Zo zie je maar hoe asymmetrisch het debat is: de ‘culturalisten’ hebben zonder morren al veel terrein prijsgegeven – want ja, tijden veranderen – maar omdat ze zich verzetten tegen het opgeven van die laatste centimeter (namelijk de Nederlandse onderwijstaal in de bacheloropleidingen), beschuldigen de ‘internationalisten’ hen ervan dat ze ‘alles weer in het Nederlands willen en zich willen terugtrekken achter de dijken’. Een absurde fictie die hun eigen extreme positie maskeert.
Hans Beukers zegt
Ik blijf het een merkwaardige discussie vinden: wel of geen engels. Binnen de ER is engels slechts in één land de officiële tweede taal. Duits en Frans zijn officiële talen in 8 resp. 7 landen. Desondanks ben ik een groot voorstander van het invoeren van een Europese standaardtaal. In Zuidoost-Azië is dat Maleis / Bahasa, in Oost-Afrika is dar Swahili. Binnen het Verenigd Koninkrijk is engels de met veel dwang opgelegde standaardtaal (vraag eens een oudere schot, Ier of Welshwoman hoe hen het engels is aangeleerd, dat gaat net zo zachtzinnig als het onderwijssysteem van Nigeria).
Wat ik niet begrijp is, dat wij de taal van onze voormalige koloniën gaan gebruiken als standaardtaal. Los van het feit, dat wat engels genoemd wordt in feite een mengelmoes van verschillende creooltalen.

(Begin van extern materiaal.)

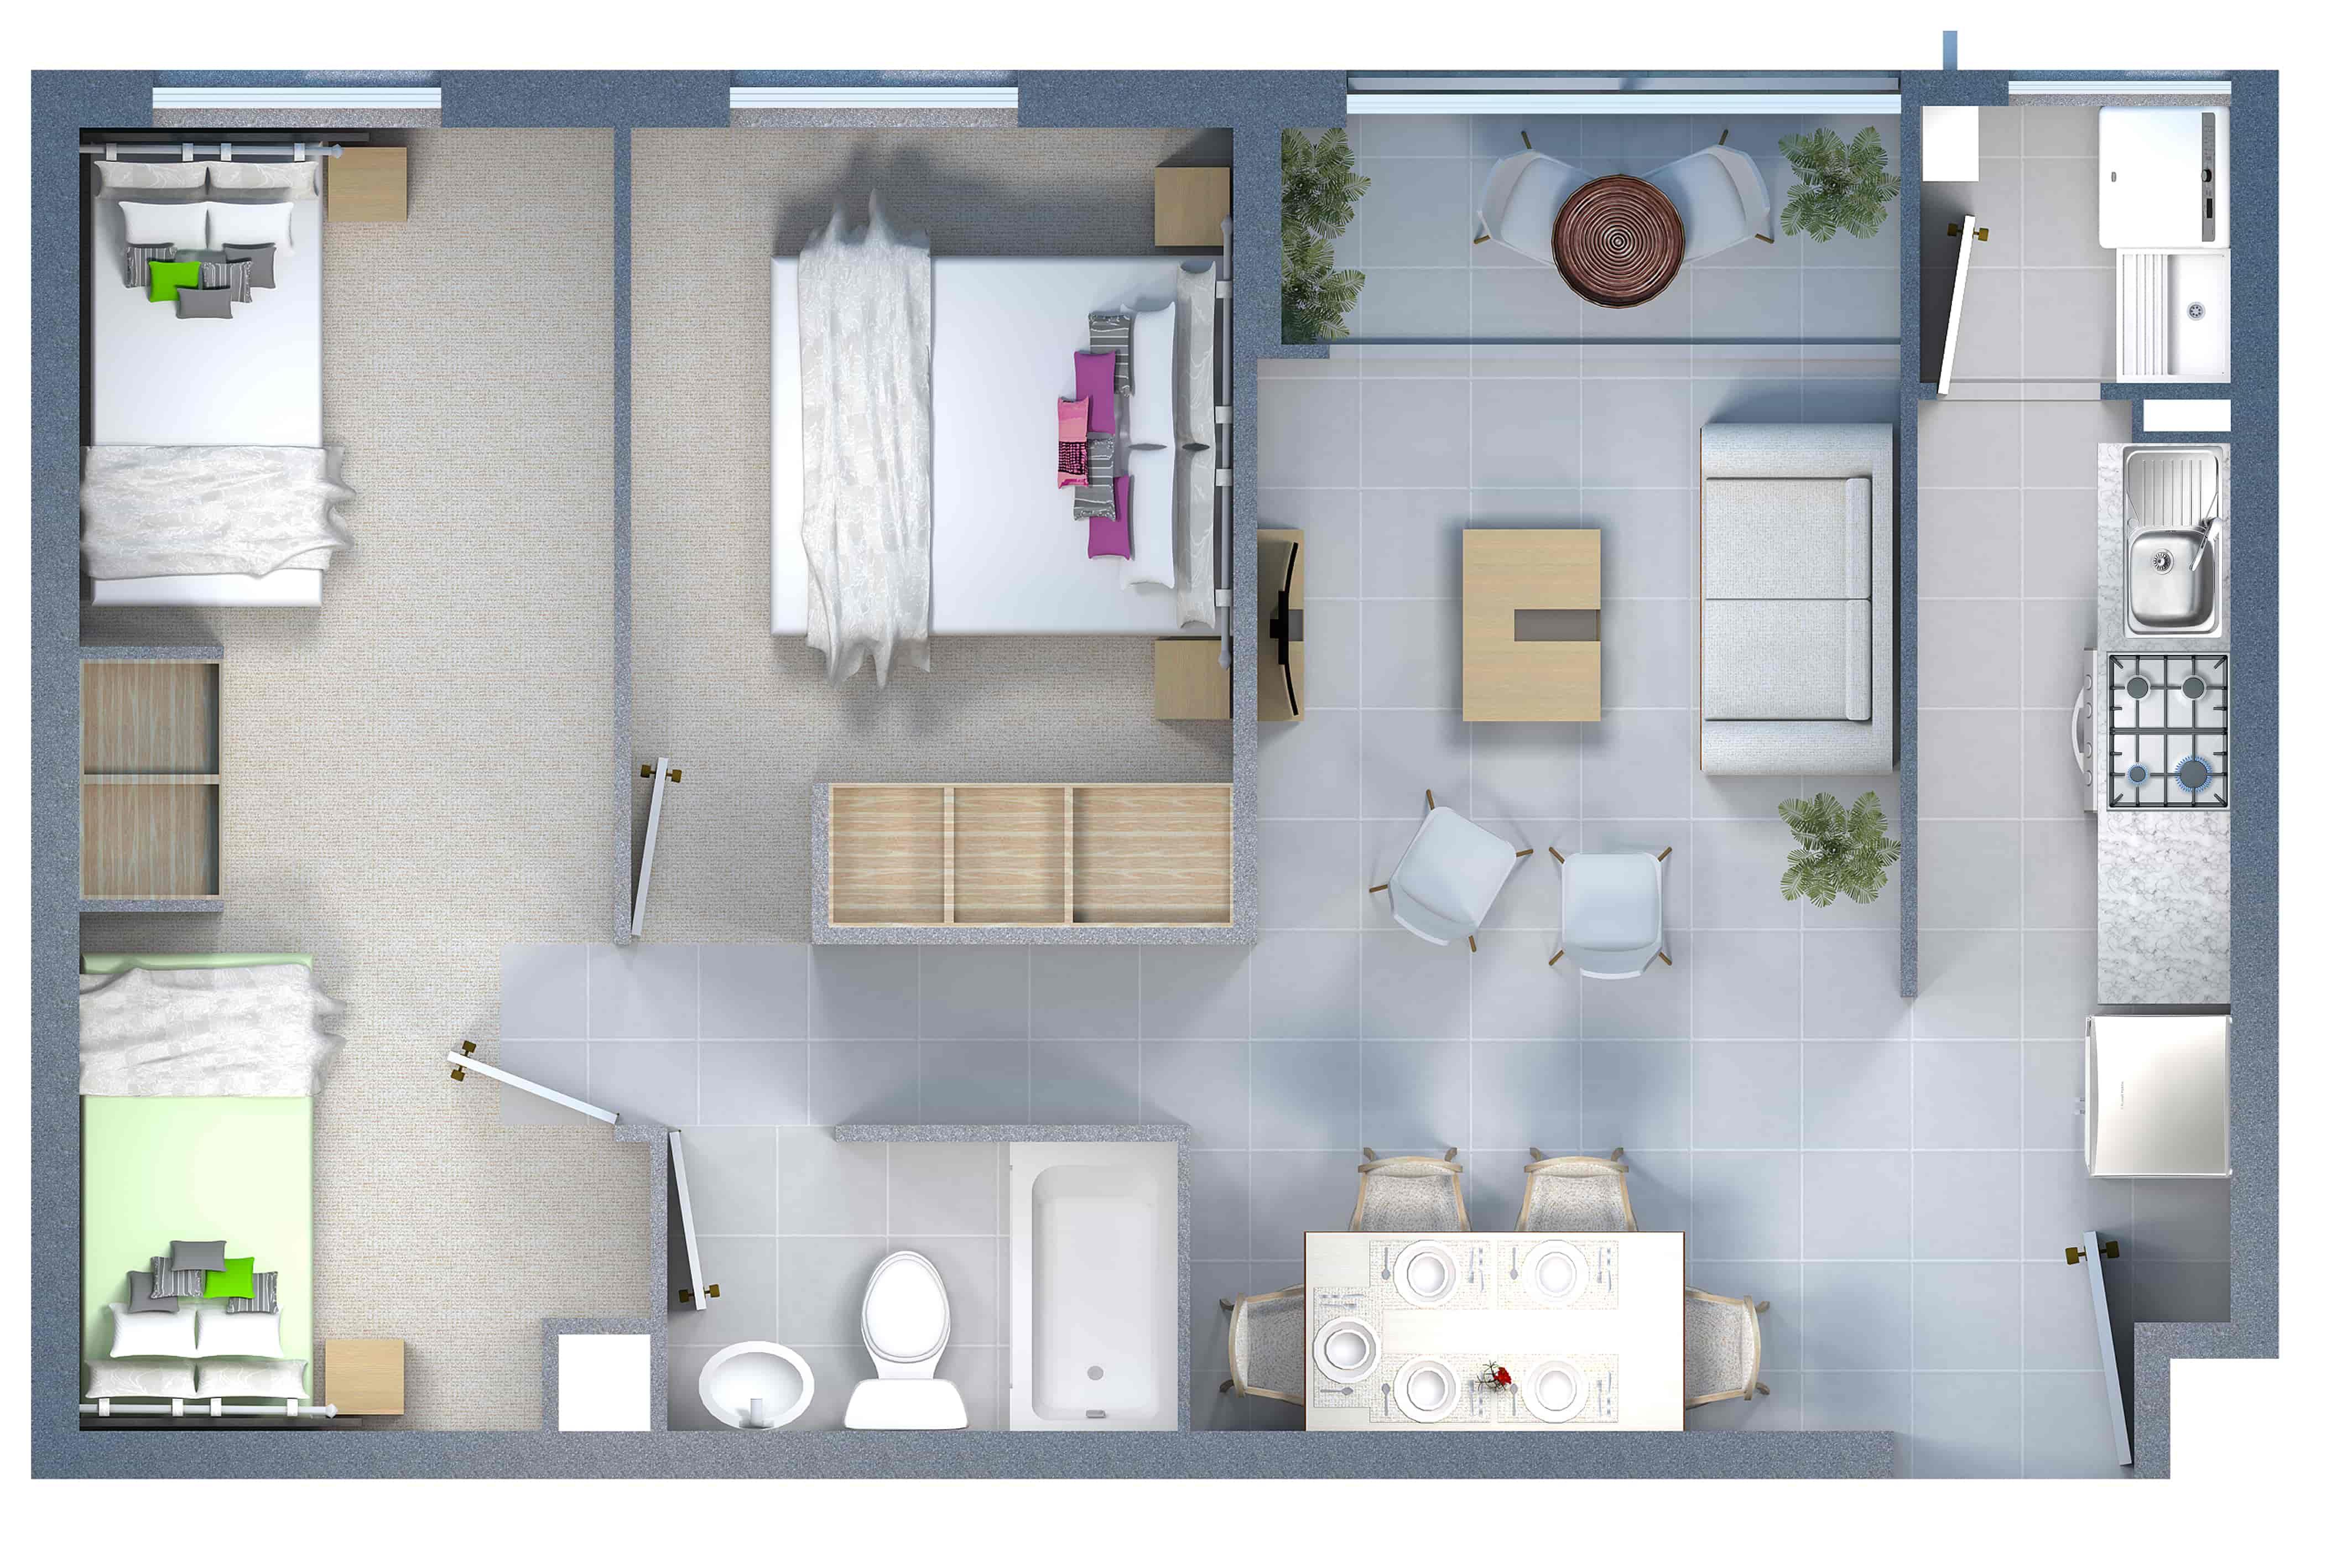 Cm4 Francisco de Aguirre 2 dormitorios y 1 baño
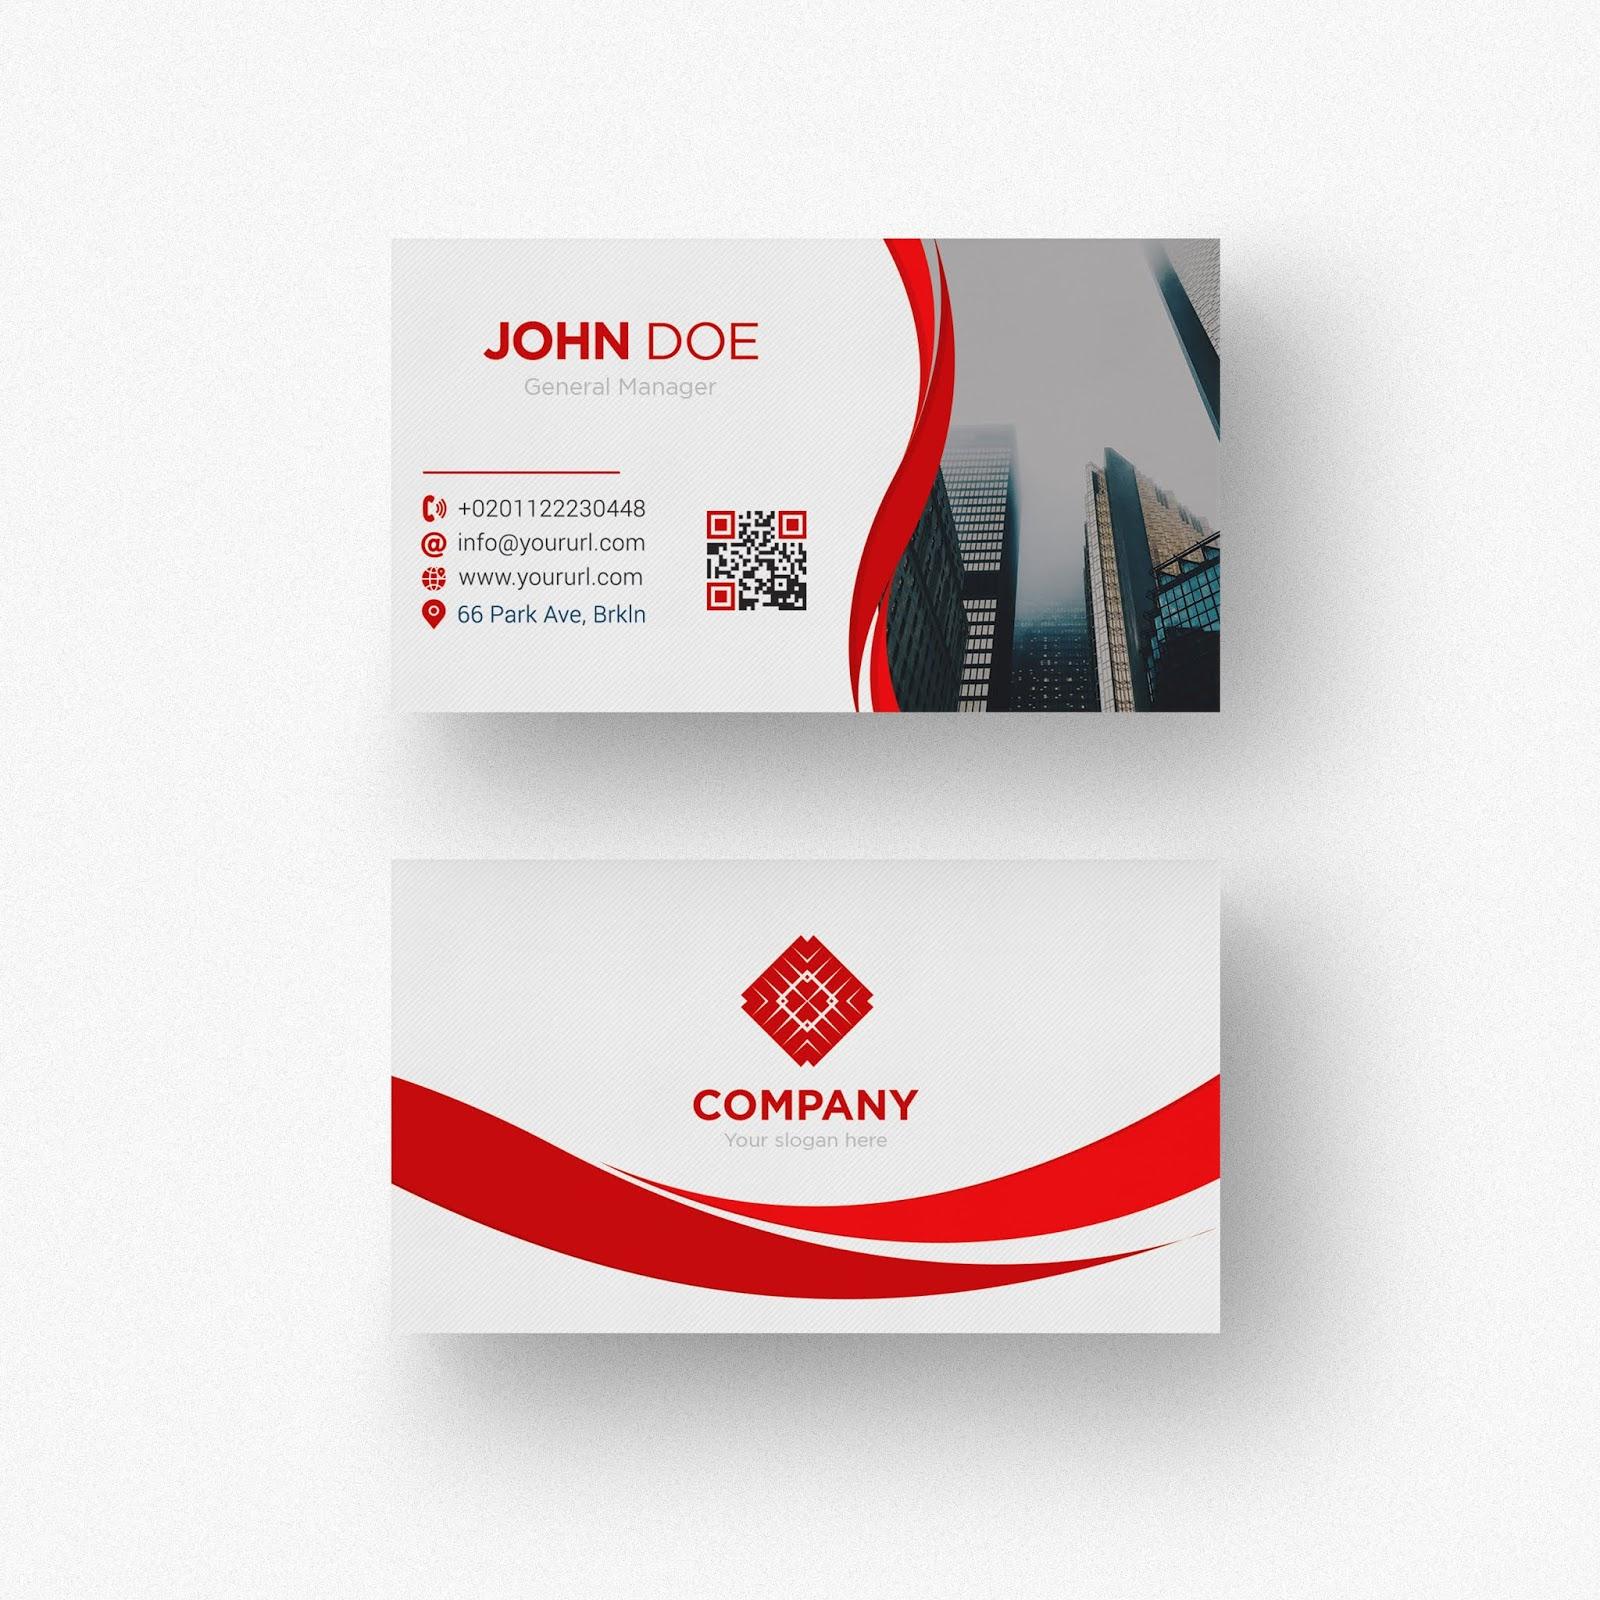 تحميل ملف Psd Business Card جاهز للتعديل على الفوتوشوب Red And

In Europa is ruim een eeuw geleden een taal bedacht, die uitermate geschikt is als standaardtaal, nl.: Esperanto. Als we nu besluiten deze taal als standaard in te voeren dan spreekt over 20 jaar iedereen Esperanto. Dan hebben we eindelijk onze Europese standaardtaal.
Robert Kruzdlo zegt
Ik woon in Spanje. De verschillende talen die in Spanje worden gesproken zorgen regelmatig voor grote verwarring in het buitenland, waar men het vaak heeft over dialecten. Ik spreek Spaans, Catalaans. Het Baskisch, Galicisch en Aranees vind ik moeilijk. Er zijn nog twee niet-officiële talen Asturisch en Aragonees. Kom bij de Catalanen niet aan met Esperanto. Ook niet, denk ik, bij de Friese; die de weg volgen van de Catalanen betreffende hun onafhankelijks gevoelens. Je kunt het de mensen niet aan doen.